§ Supplied information:
■ ■ ■ ■ ■
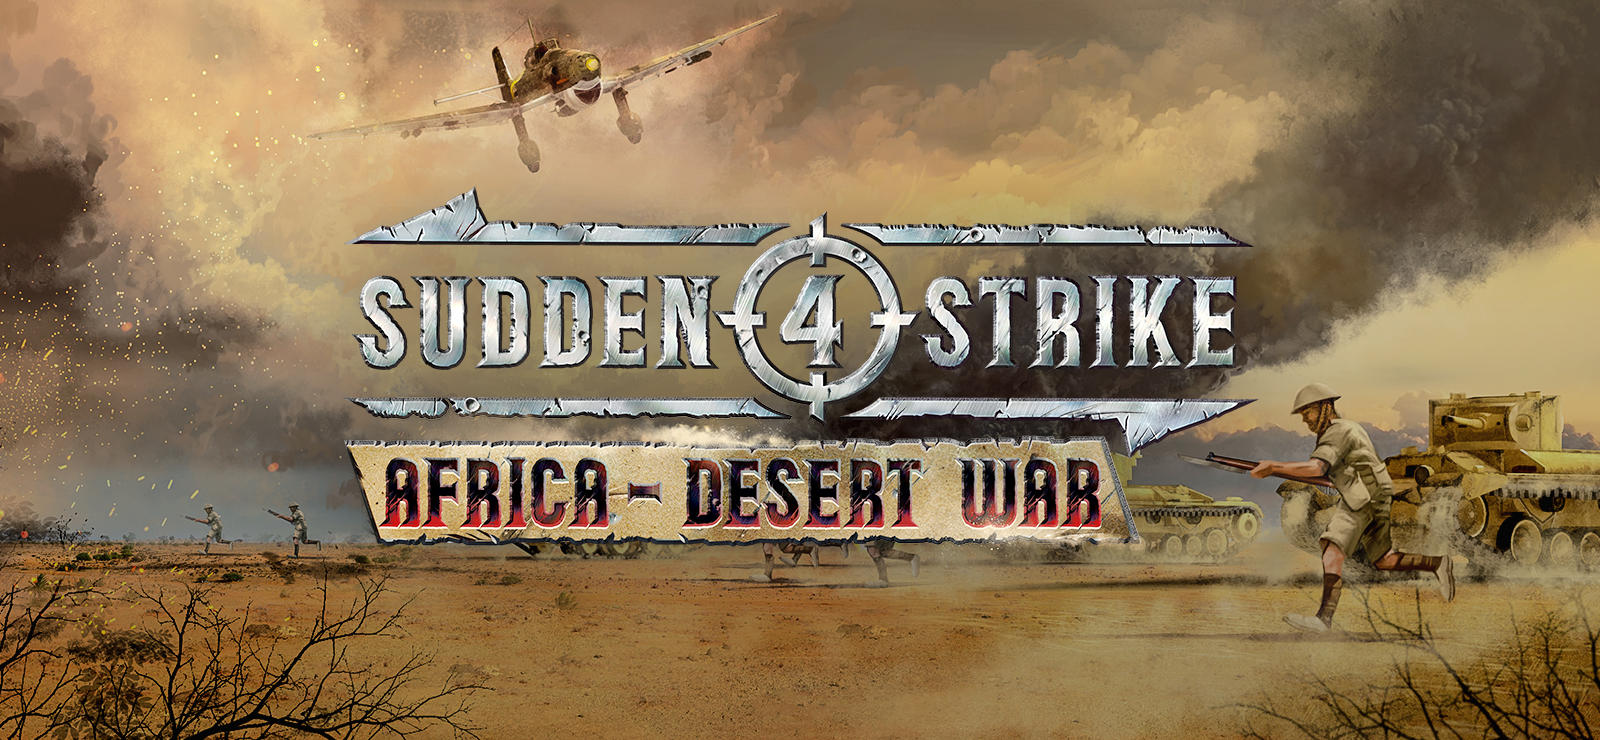 Sudden Strike 4 - Africa: Desert War
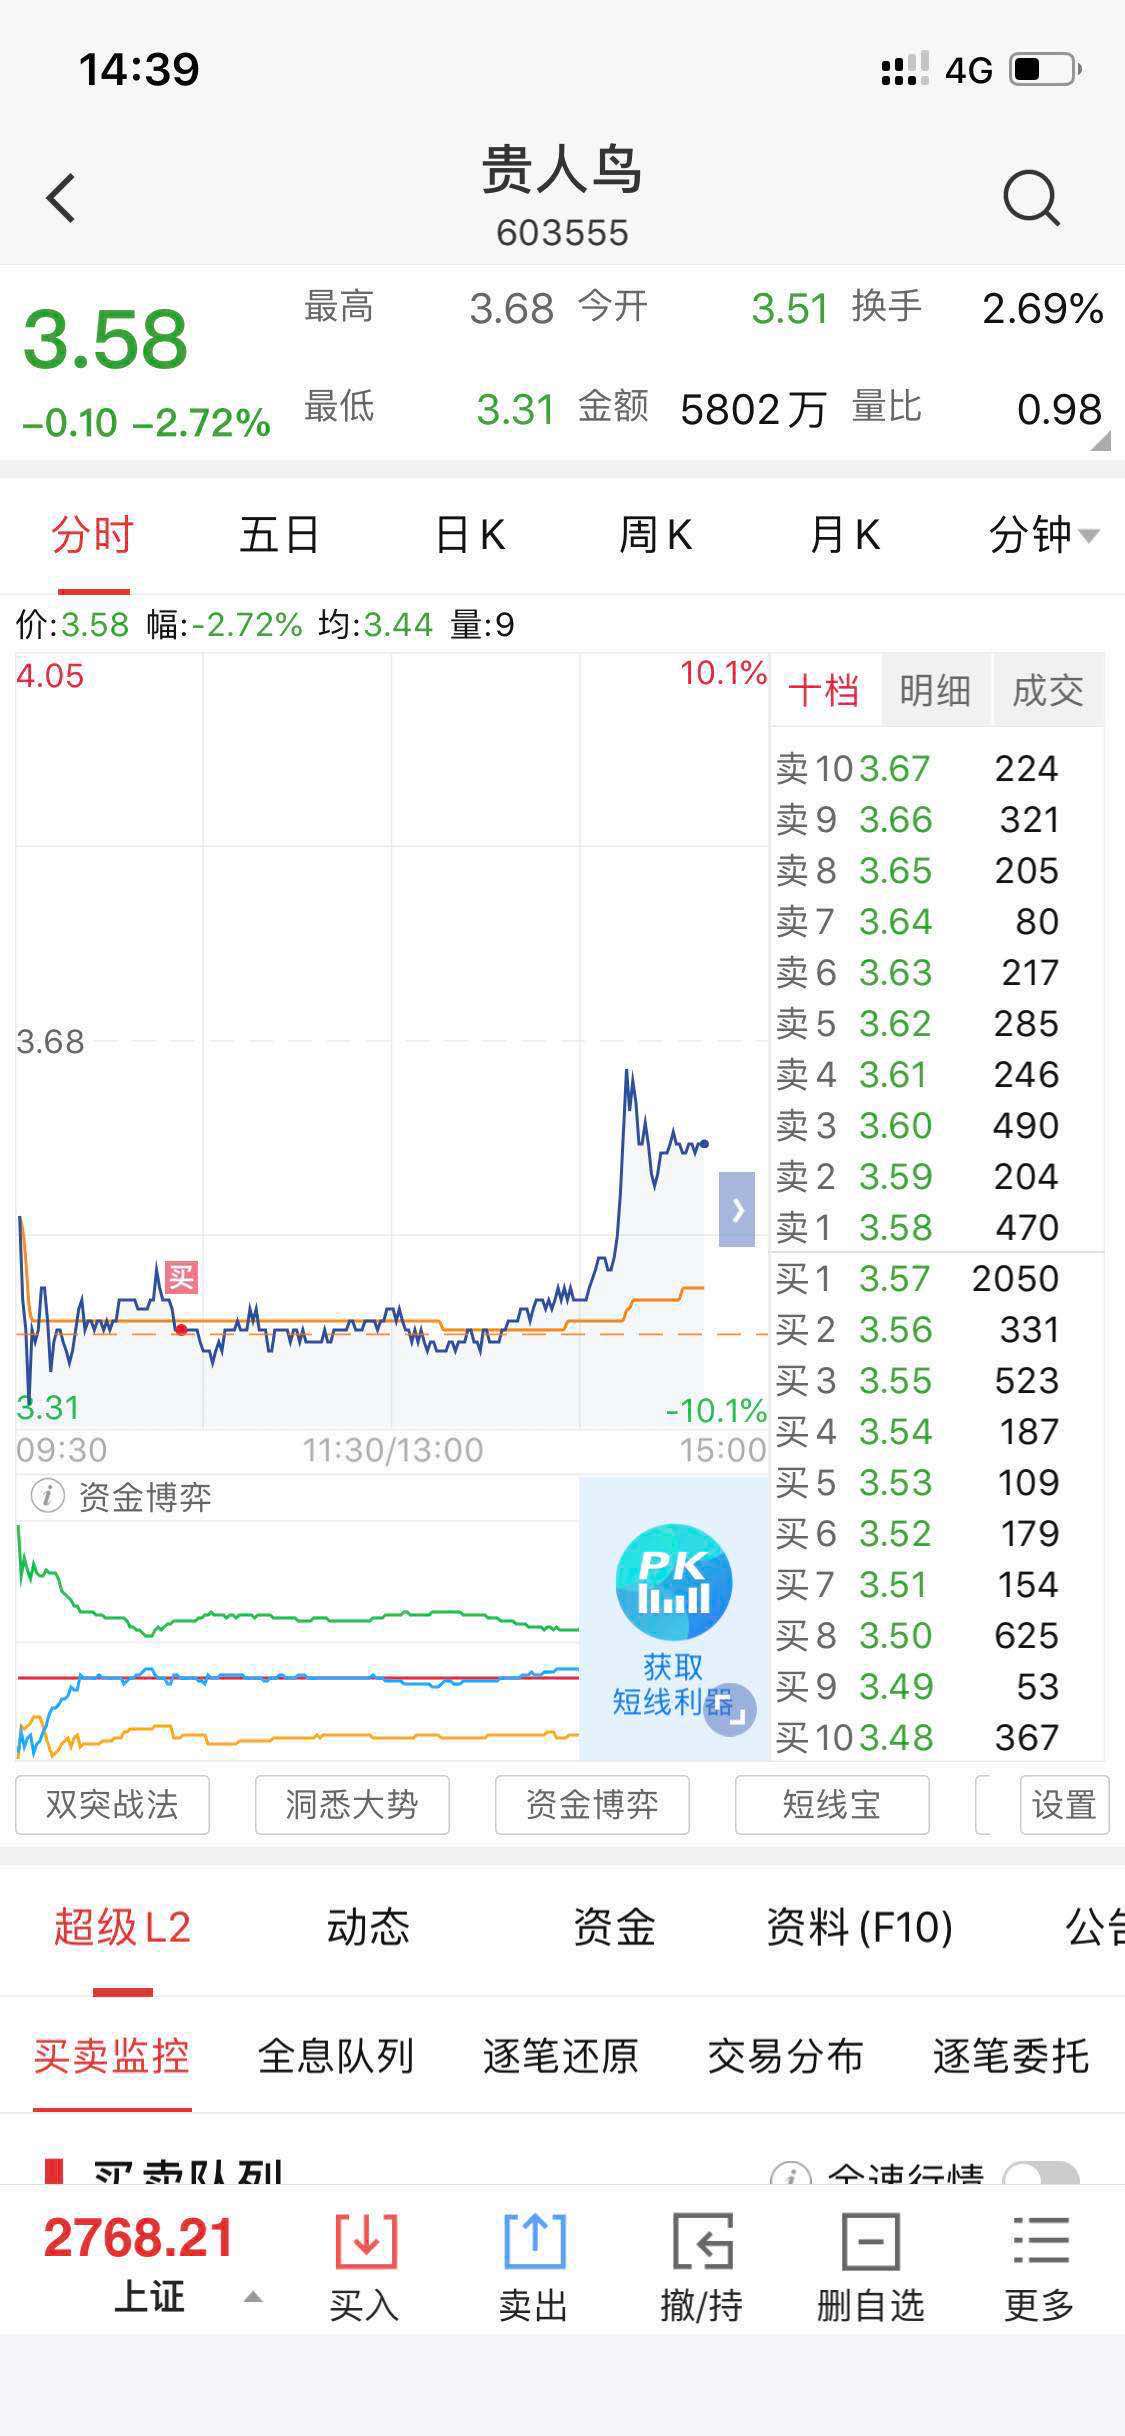 贵人鸟 3.49 -0.07(-1.97%) _ 股票行情 _ 东方财富网
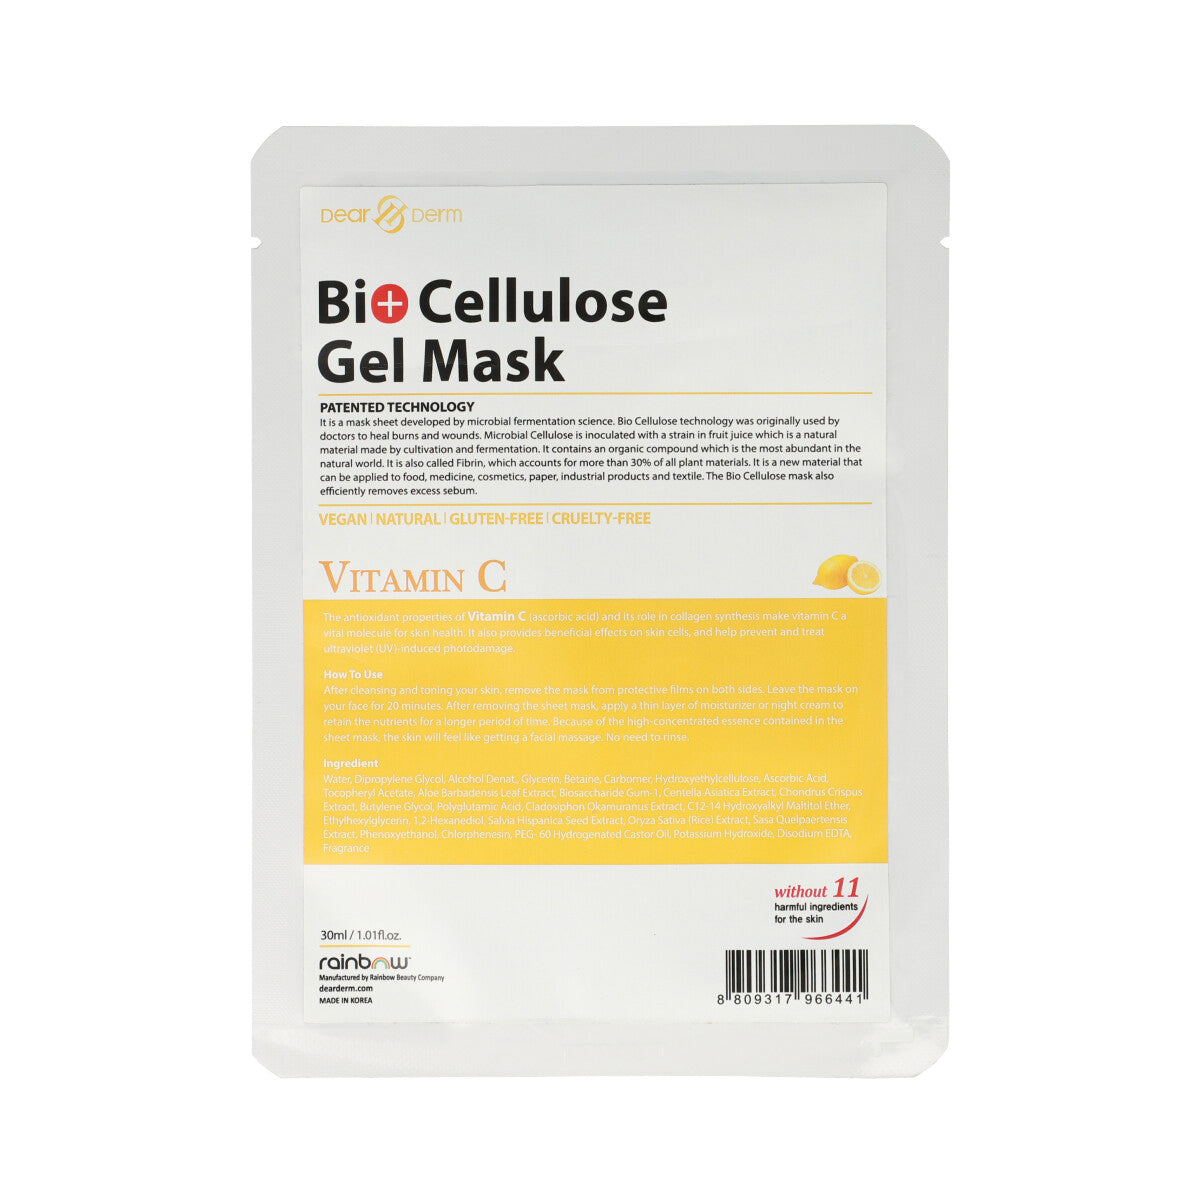 Bio Cellulose Gel Mask Vitaminc C
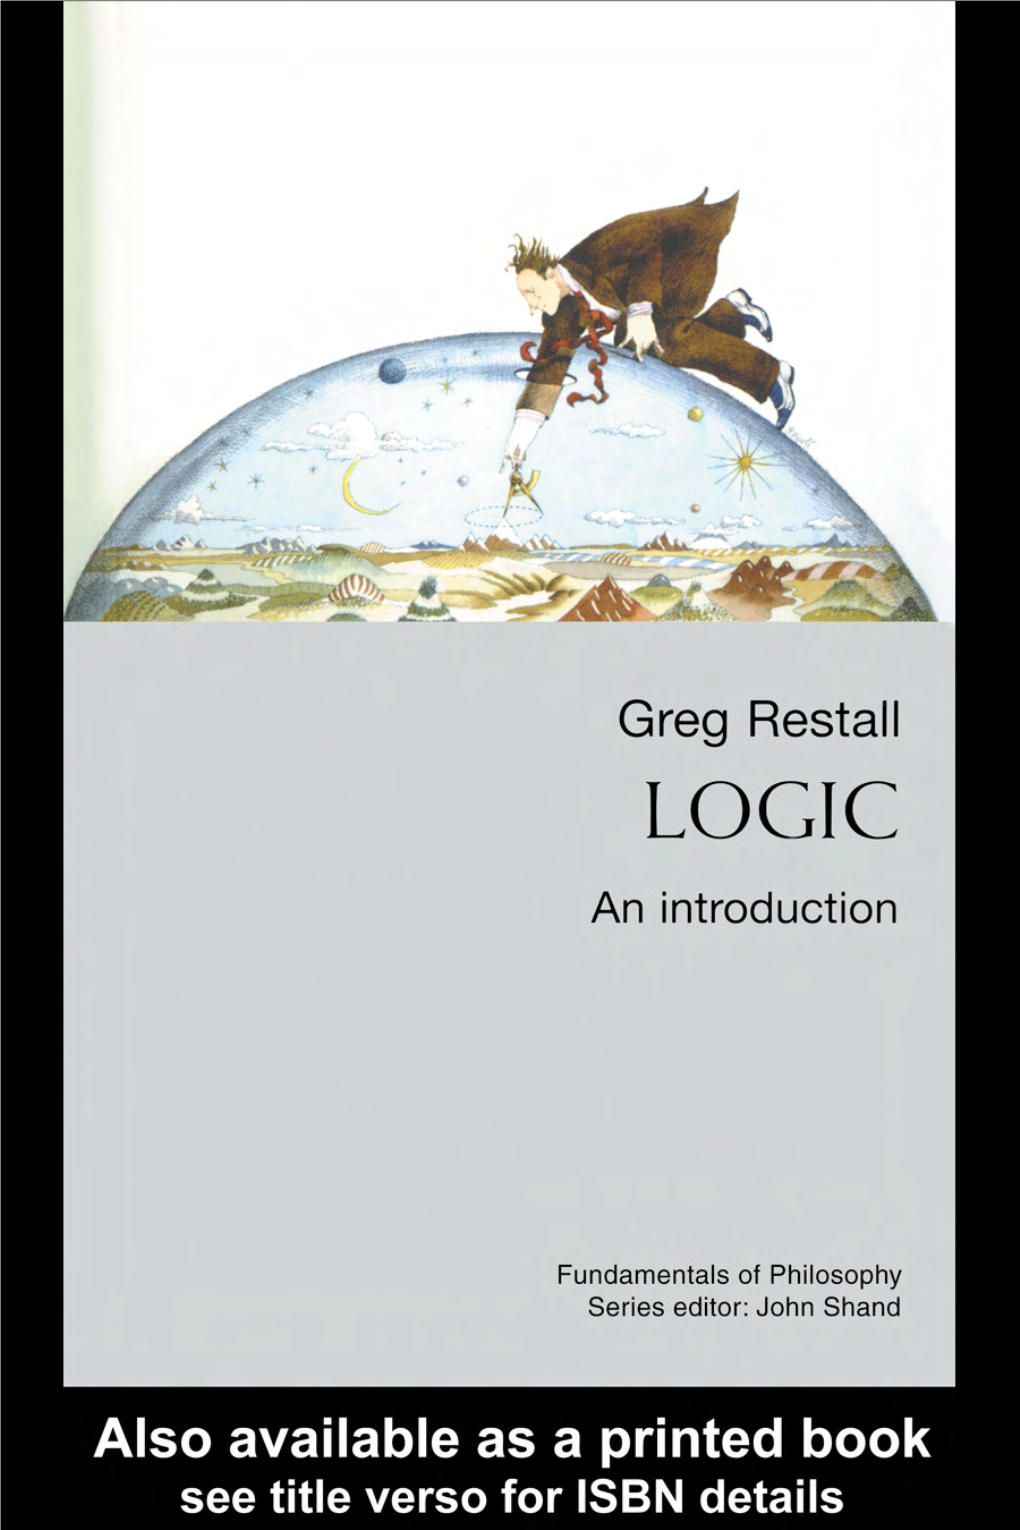 Greg Restall Is Associate Professor in Philosophy at Melbourne University, Australia
■ ■ ■ ■ ■
§ Exercise: Transcribe word for word only the lines from the one with "贵人鸟 3.49 -0.07(-1.97%) _ 股票行情 _ 东方财富网" through the end of the listing; every picture is to be omitted.

§ Your response:
 贵人鸟 3.49 -0.07(-1.97%) _ 股票行情 _ 东方财富网
 Bio Cellulose Gel Mask Vitaminc C
 Greg Restall Is Associate Professor in Philosophy at Melbourne University, Australia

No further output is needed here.